Clumpner Brandon R, Polston Ryan W, Kragh John F, Westmoreland Ted, Harcke H Theodore, Jones John A, Dubick Michael A, Baer David G, Blackbourne Lorne H
J Spec Oper Med. 2013 Spring;13(1):34-41.
Common first aid tourniquets, like the Combat Application Tourniquet (CAT) of a windlass and band design, can have the band routed through the buckle in three different ways, and recent evidence indicates users may be confused with complex doctrine.
The purpose of the present study is to measure the differential performance of the three possible routings in order to better understand good tourniquet practice.
A training manikin was used by two investigators to measure tourniquet effectiveness, time to stop bleeding, and blood loss.

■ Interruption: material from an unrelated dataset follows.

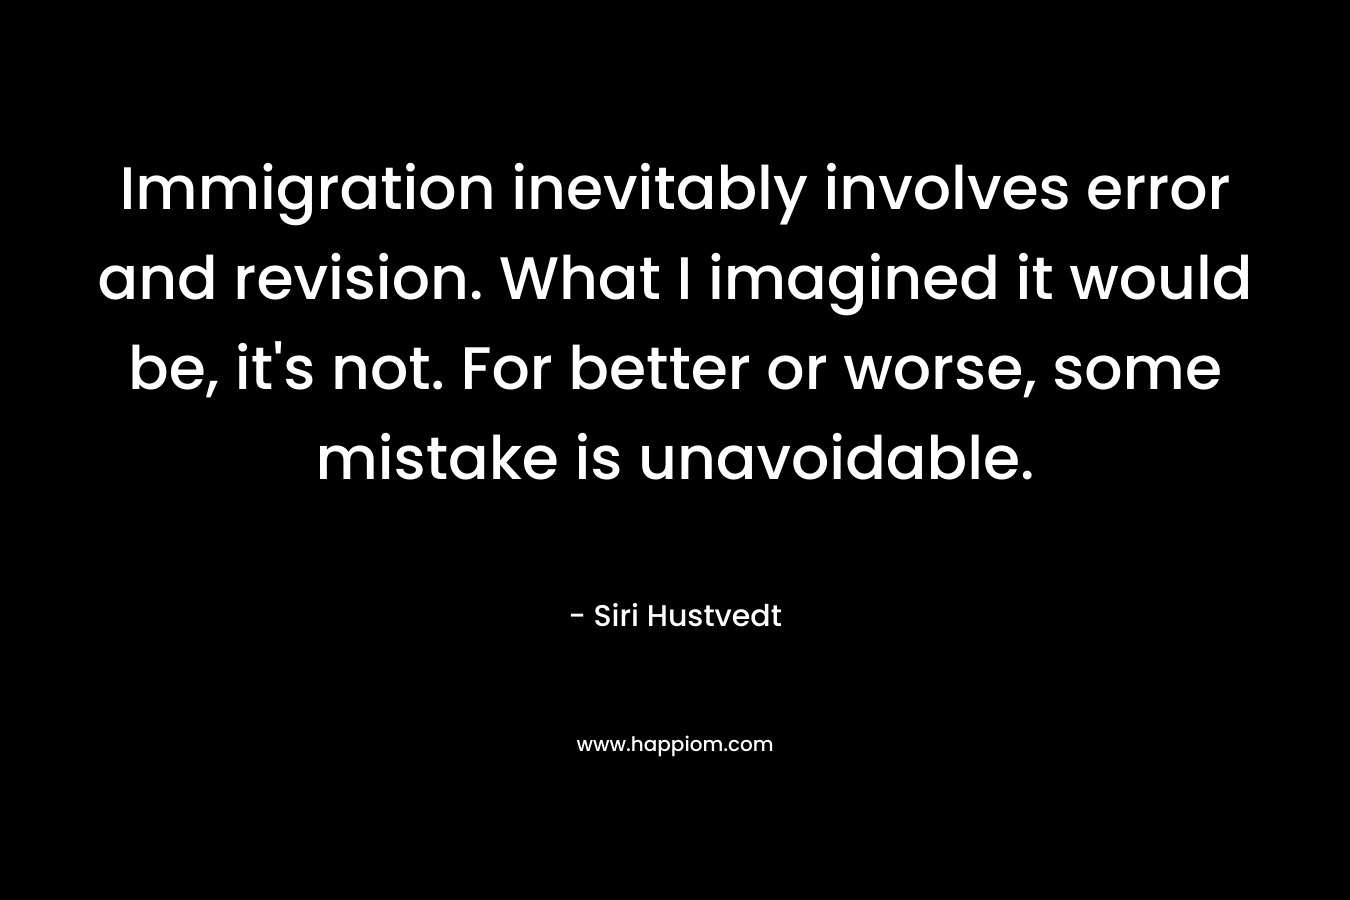 Immigration inevitably involves error and revision. What I imagined it would be, it’s not. For better or worse, some mistake is unavoidable. – Siri Hustvedt

The effectiveness rate was 99.6% (239/240) overall. RESULTS were similar for both single-slit routings (inside vs. outside, p > 0.05). Effectiveness rates (yes-no results for hemorrhage control expressed as a proportion of iterations) were not statistically different between single and double routing. However, the time to stop bleeding and blood loss were statistically different (p < 0.05).
CAT band routing, through the buckle either singly or doubly, affects two key performance criteria: time to stop bleeding and volume of blood lost. Single routing proved to be faster, thereby saving more blood. Learning curves required to optimize user performance varied over 30-fold depending on which variable was selected (e.g., effectiveness vs. blood loss).
常见的急救止血带,如绞盘式和带状设计的战斗应用止血带(CAT),其带子穿过带扣的方式有三种,而最近的证据表明使用者可能会被复杂的操作方法弄糊涂。
本研究的目的是测量这三种可能的穿法的不同性能,以便更好地理解正确的止血带使用方法。
两名研究人员使用训练人体模型来测量止血带的有效性、止血时间和失血量。
总体有效率为99.6%(239/240)。两种单缝穿法(内侧与外侧,p>0.05)的结果相似。单穿法和双穿法之间的有效率(以迭代次数的比例表示的出血控制的是与否结果)无统计学差异。然而,止血时间和失血量有统计学差异(p<0.05)。
CAT止血带的带子穿过带扣的单穿法或双穿法会影响两个关键性能标准:止血时间和失血量。单穿法被证明更快,从而节省更多血液。根据选择的变量(例如,有效性与失血量),优化使用者操作所需的学习曲线变化超过30倍。